This invention relates to a method of producing zinc electrodeposits with zinc anode benefaction, which comprises passing current from a zinc anode to a metal cathode through a plating solution containing at least one organic brightener, a chloride-containing salt providing chloride anions and boric acid as a buffer in the absence of ammonium cations, chelating agents, and complexing agents for a time period sufficient to deposit a zinc electrodeposit upon said cathode; the improvement being the current passing through an aqueous acidic bath composition containing zinc sulfamate providing zinc cations for electroplating zinc.
This invention is predicated upon the discovery that in replacing Zinc Sulfamate for Zinc Sulfate or Zinc Chloride, not only were excellent cathode deposit characteristics retained but the anode performance was dramatically improved. It is not clear why sulfamate should be much superior to the sulfate and chloride anions in this respect since one would not normally consider sulfamate as a complexing, chelating or anode-solubilizing anion. The explanation may be that zinc sulfamate may be considerably more soluble than the sulfate or chloride salts or may prevent or inhibit formation thereby of basic zinc salt anode incrustations. Zinc Oxide and Sulfamic Acid are used to interact in water in a mole ratio of 1 to 2 respectively to form Zinc Sulfamate.
ZnO + 2NH2 SO3 H → Zn(O3 SNH2) + H2 O
Using zinc sulfamate to provide both excellent anode and cathode plating characteristics results in a unique system with outstanding advantages over existing processes. The improved process is of particular advantage for rack plating applications where suspended matter is of more concern than for barrel plating purposes.
The zinc sulfamate may be introduced by interaction of zinc oxide and sulfamic acid in the preparation of the plating bath or may be used as a liquid concentrate to be used by suitable dilution to a desired working concentration and the addition of other bath ingredients such as NaCl, H3 BO3 and organic-type additives. A concentrate may be prepared which in use would involve diluting 1 part by volume with 3 parts by volume of water.
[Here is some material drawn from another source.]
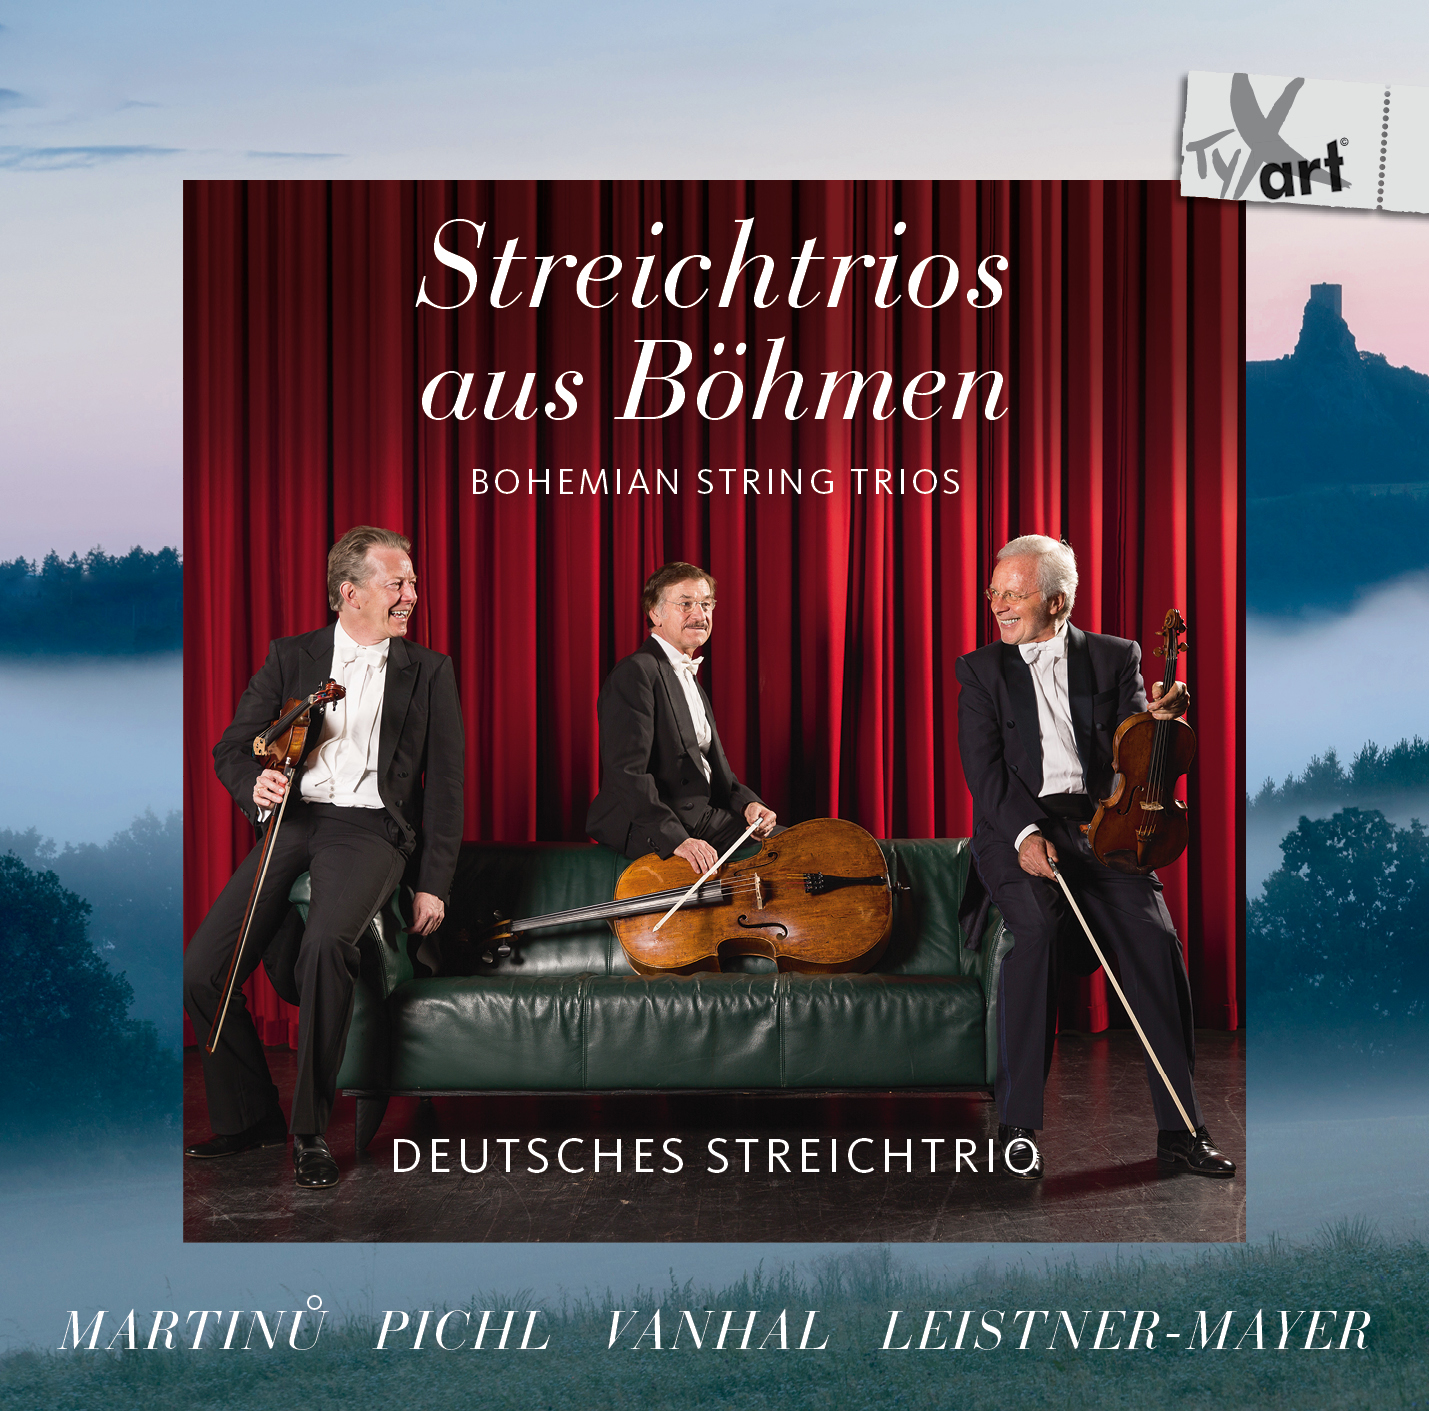 Bohemian String Trios - DEUTSCHES STREICHTRIO (German String Trio)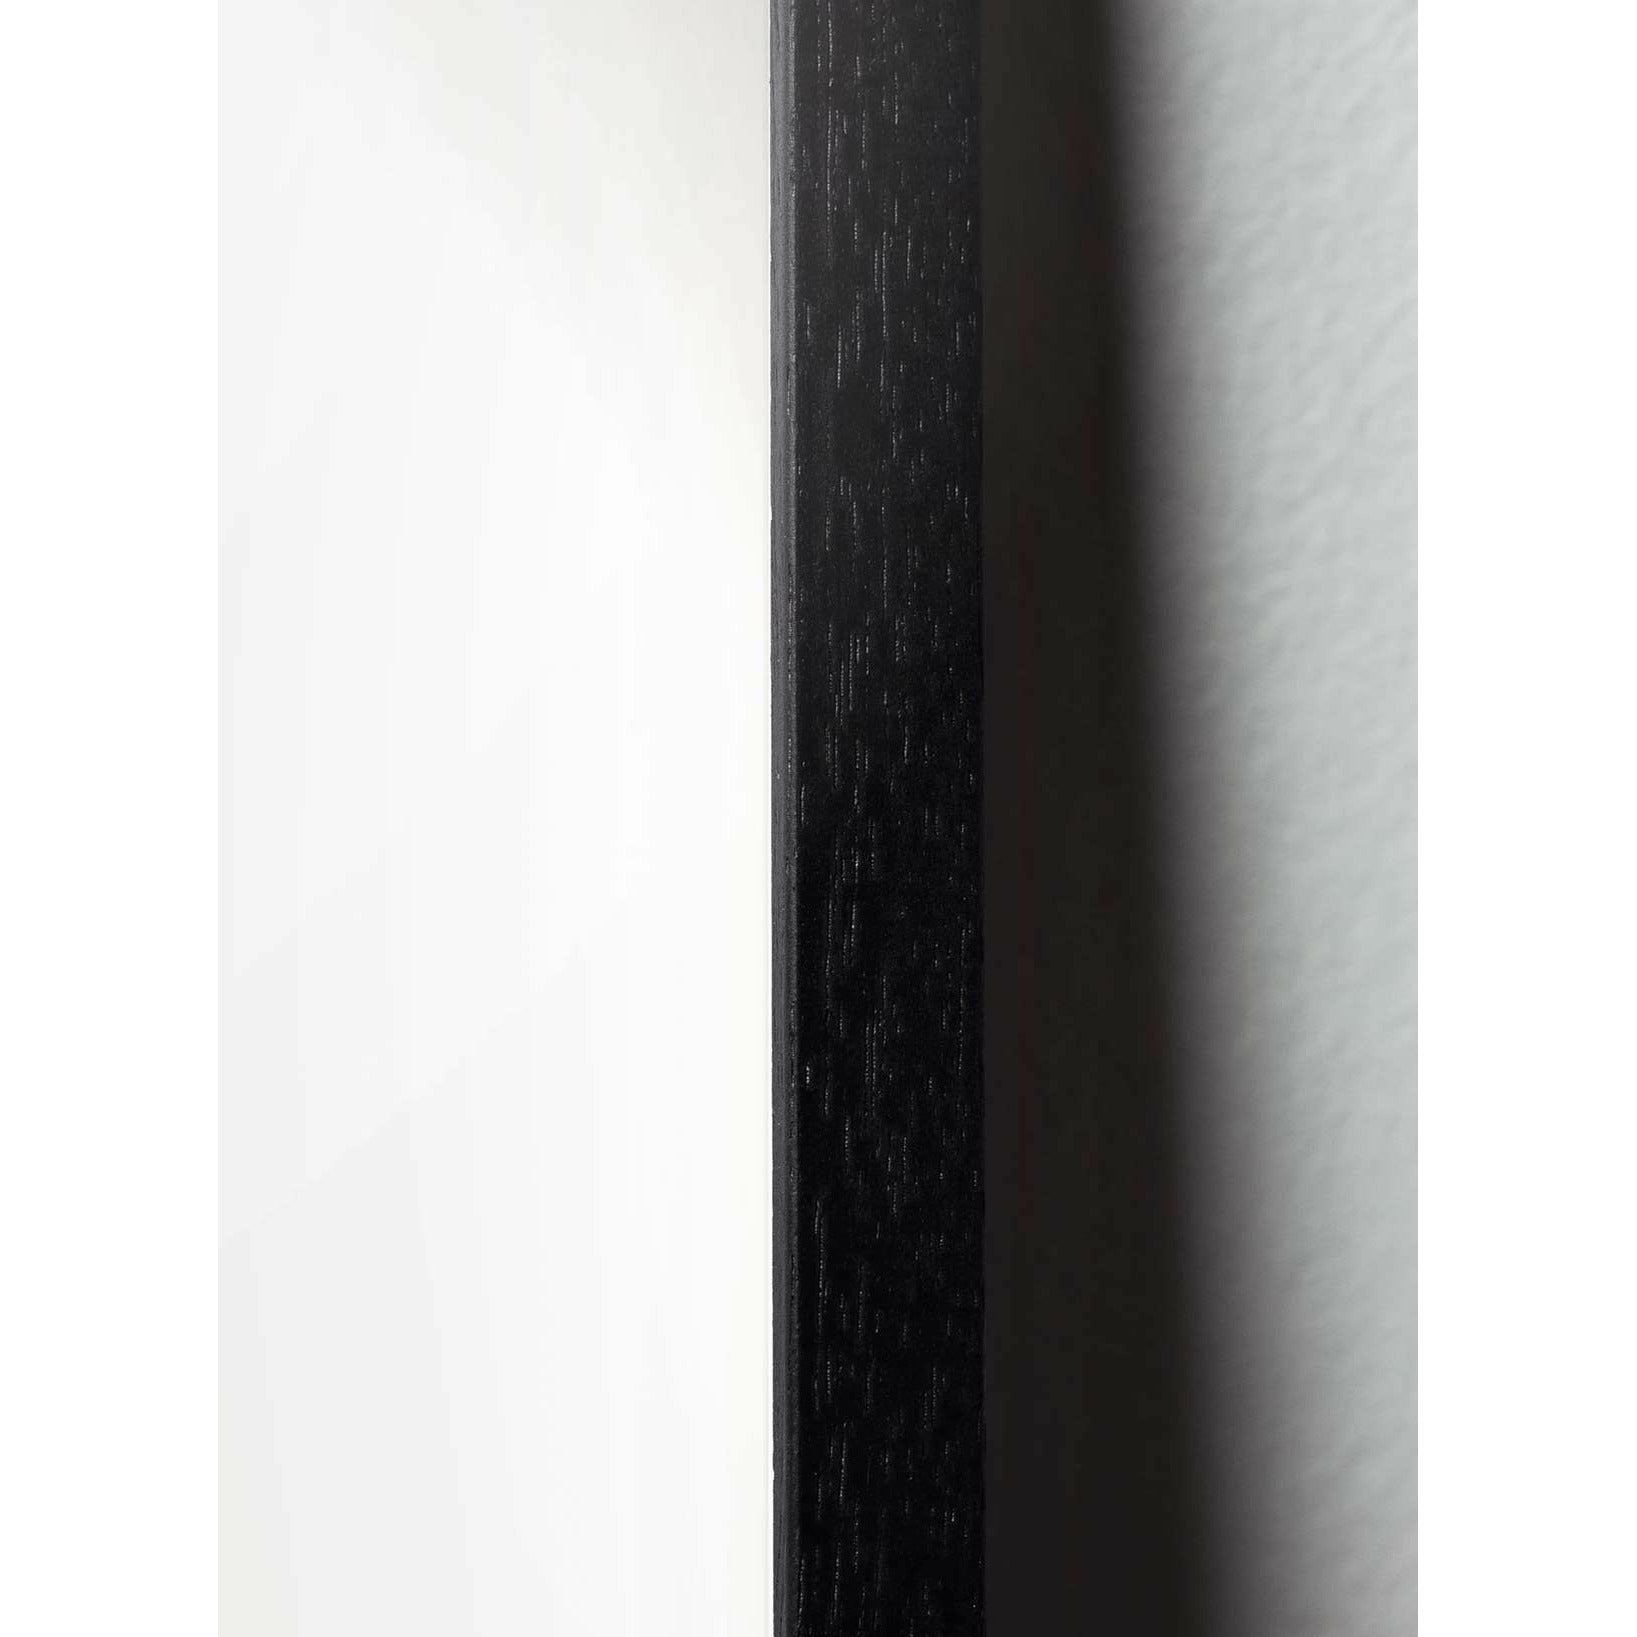 Plakát s labuťovou sponou s labuťovou sponou, rám v černém lakovaném dřevu 30x40 cm, růžové pozadí

This invention relates to an improved method of electroplating zinc while simultaneously effecting enhanced anode corrosion characteristics, which comprises passing current from a zinc anode to a metal cathode through a plating solution containing at least one organic brightener, a chloride-containing salt providing chloride anions and boric acid as a buffer in the absence of ammonium cations, chelating agents, and complexing agents for a time period sufficient to deposit a zinc electrodeposit upon said cathode; the improvement consisting of the current passing through an aqueous acidic bath composition containing zinc sulfamate providing zinc cations for electroplating zinc.
Bath compositions which have given excellent results both in Hull Cell and 4-liter life tests have been the following:
Range |
Zinc Sulfamate 100 - 200 g/l |
Sodium Chloride 25 - 40 g/l |
Boric Acid 20 - 35 g/l |
The zinc plating bath may be prepared using zinc sulfamate as the source of zinc; additional chloride anion for purposes of increasing conductivity and promoting good anode corrosion may be salts such as sodium chloride, potassium chloride, aluminum chloride, magnesium chloride, calcium chloride, etc. i.e. chloride salts the cations of which are bath and process compatible and which do not include as cations ammonium or amine moieties. Boric Acid is advantageous as a pH buffer. The addition of organic additives is necessary for bright zinc electrodeposits.
The operating temperatures of the baths are ambient temperatures ranging, say, from 15° to 40°C. Agitation is preferably of the moving cathode rod type or even involving the use of air, the latter if the polyether surfactant permits it by being of low foaming type.
Anodes generally consist of 99.99+ pure zinc which may be immersed in the plating bath in baskets made of an inert metal such as titanium or which may be suspended in the bath by hooks hanging on the anode bar made of an inert metal such as titanium.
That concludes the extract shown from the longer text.